Only last year, he had been on this very same train, unknowingly about to revive a relationship with Gurt dormant since he had met Dawn. He and Gurt had made wild love in a small pension in the Trastevere District, ridden her motorcycle into the countryside, and hidden in an Agency safe house just across from the Villa Borghese, Rome’s largest park.

Now Gurt, like Dawn, was gone.

He could take no vengeance against the cancer that had stolen his wife, but he could, and, by God, would, make those responsible for Gurt pay. Only the apprehensive look on the face of the woman seated facing him made him aware that his teeth were grinding. At the same time, he noticed the pain of fingernails digging into the heel of each hand.

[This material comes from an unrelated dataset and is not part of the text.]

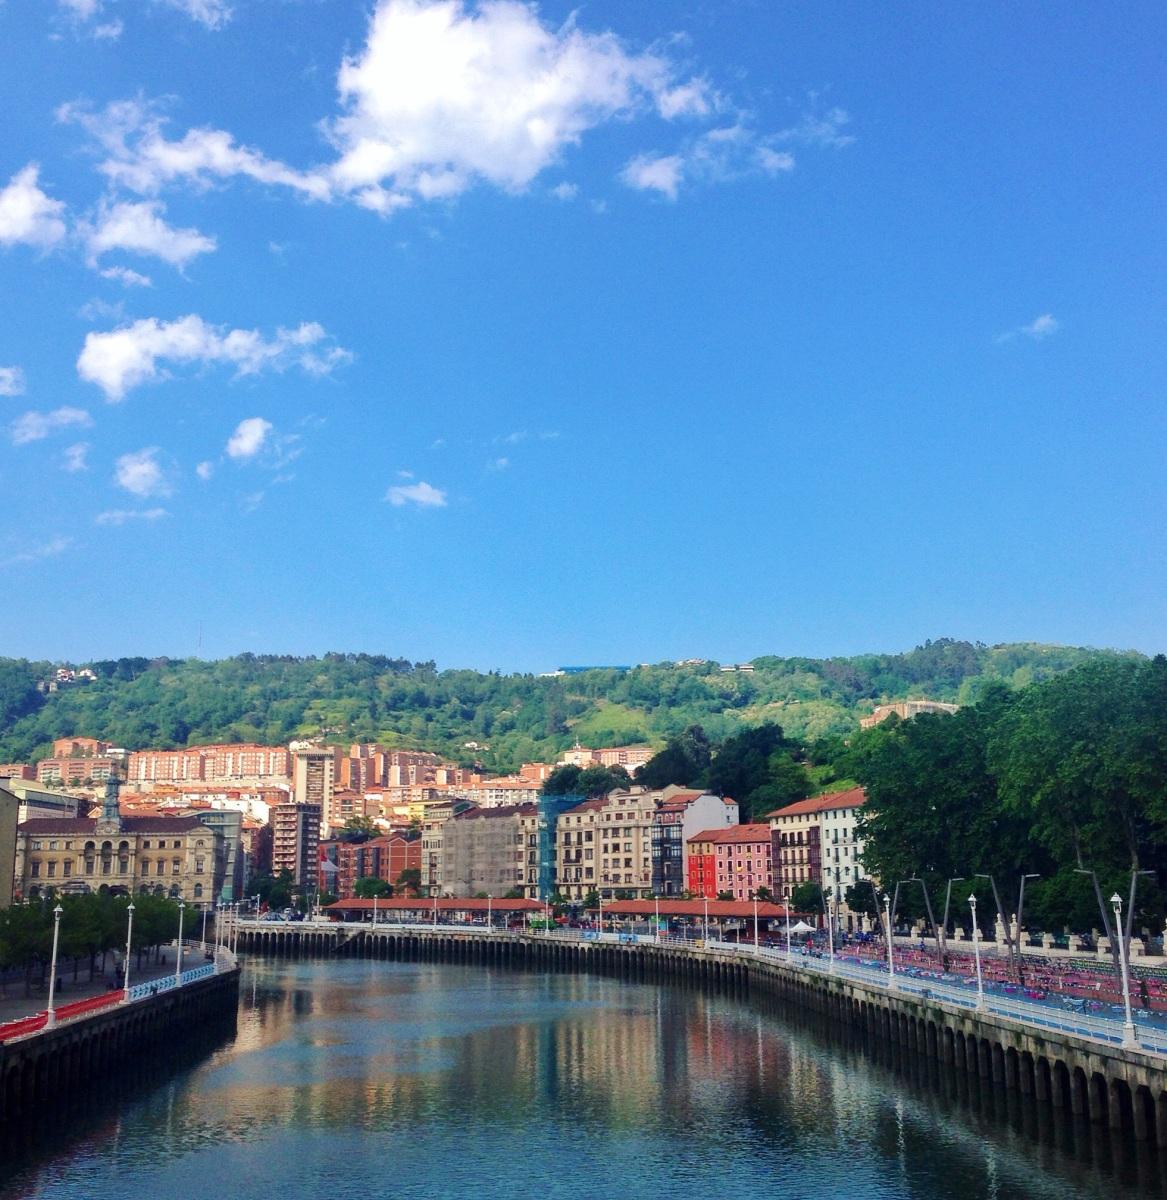 Bilbao - Bask bölgesi (I)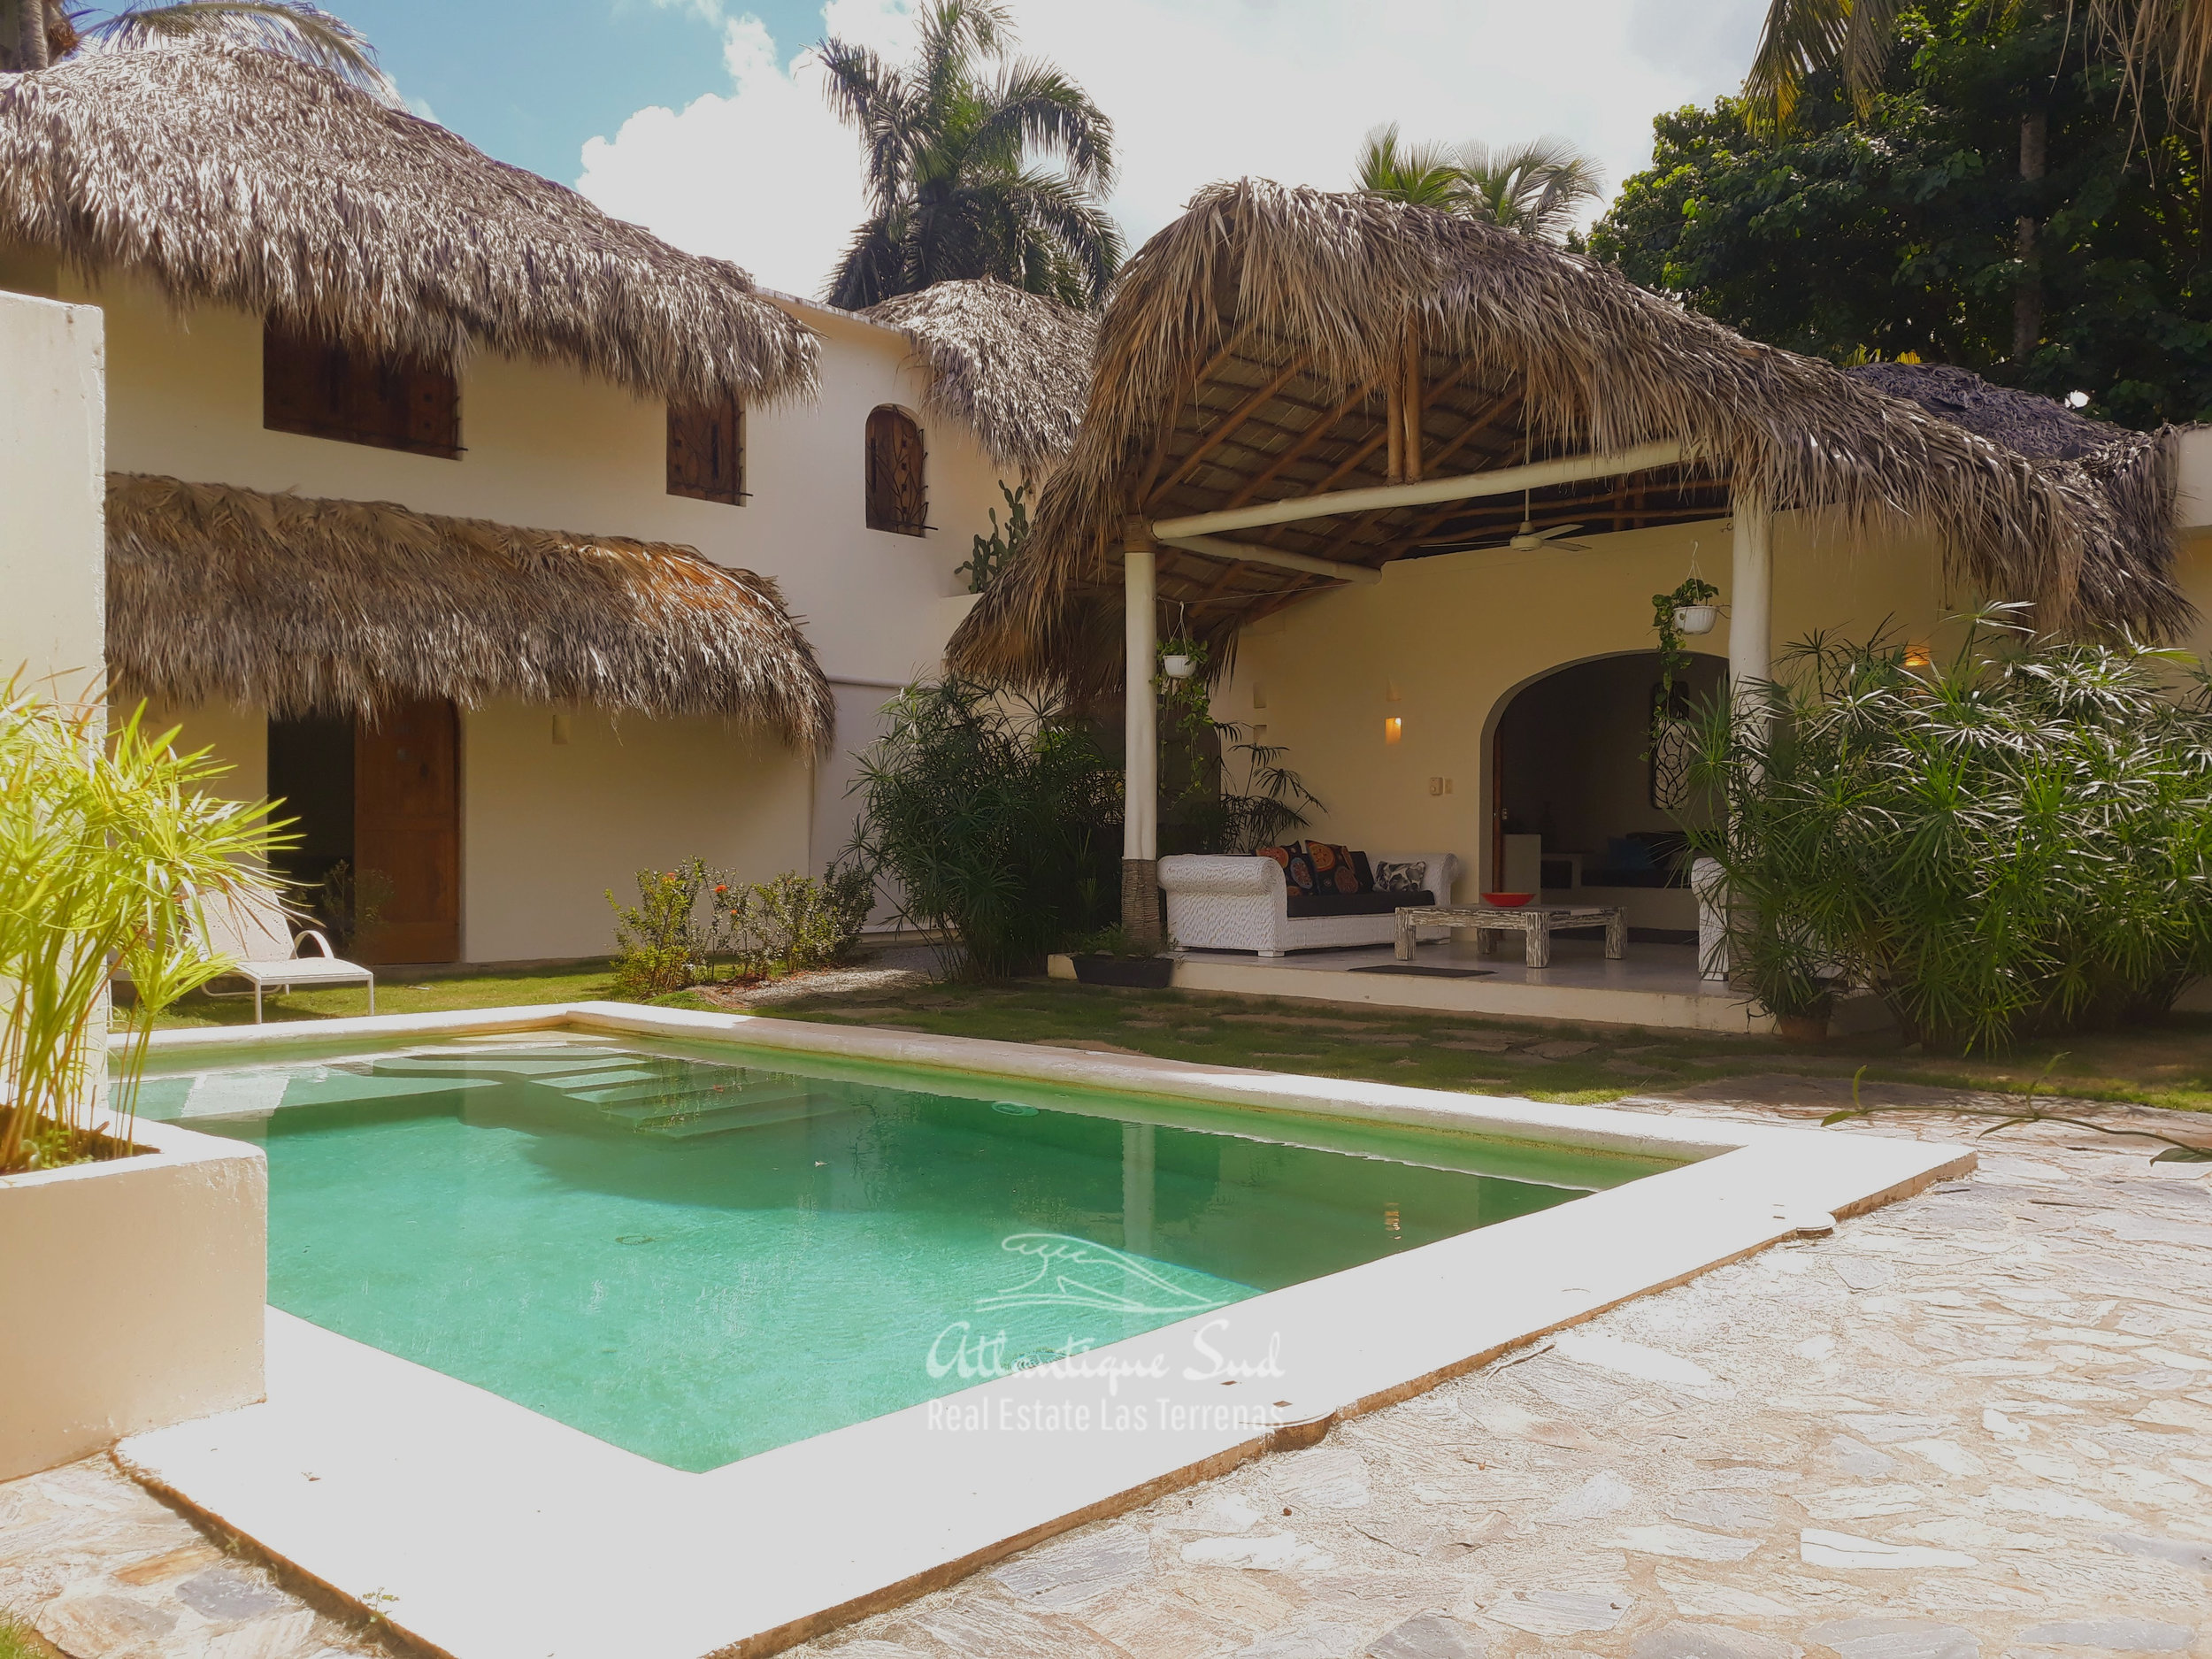 Authentic Caribbean Villa in quiet community in Real Estate Las Terrenas Atlantique Sud4.jpg

An hour later, he was unpacking at the Hotel Hassler, a slightly past-its-prime, very American-style hotel at the head of the Spanish Steps. It was the sort of place Couch might stay, particularly if he was on business and, like most Americans, more than willing to compromise quality for the certainty he would not be confronted by people speaking only the native tongue.

Lang had requested a room on the side facing away from the steps, fully aware that those flights of marble constituted the place for younger tourists to congregate, play loud music, smoke, and photograph one another.

Finished unpacking the small bag, he stepped into the hall, looking both ways. He saw a maid’s linen trolley
but no maid. Bending over to shield what he was doing, he pulled a hair from his head, ran a saliva-moistened finger along it, and stuck it to the top of the doorknob. Once dry, that hair would fall at the slightest touch. Unlikely the telltale would be needed, since no one in Rome knew who Mr. Couch really was, but old habits died hard.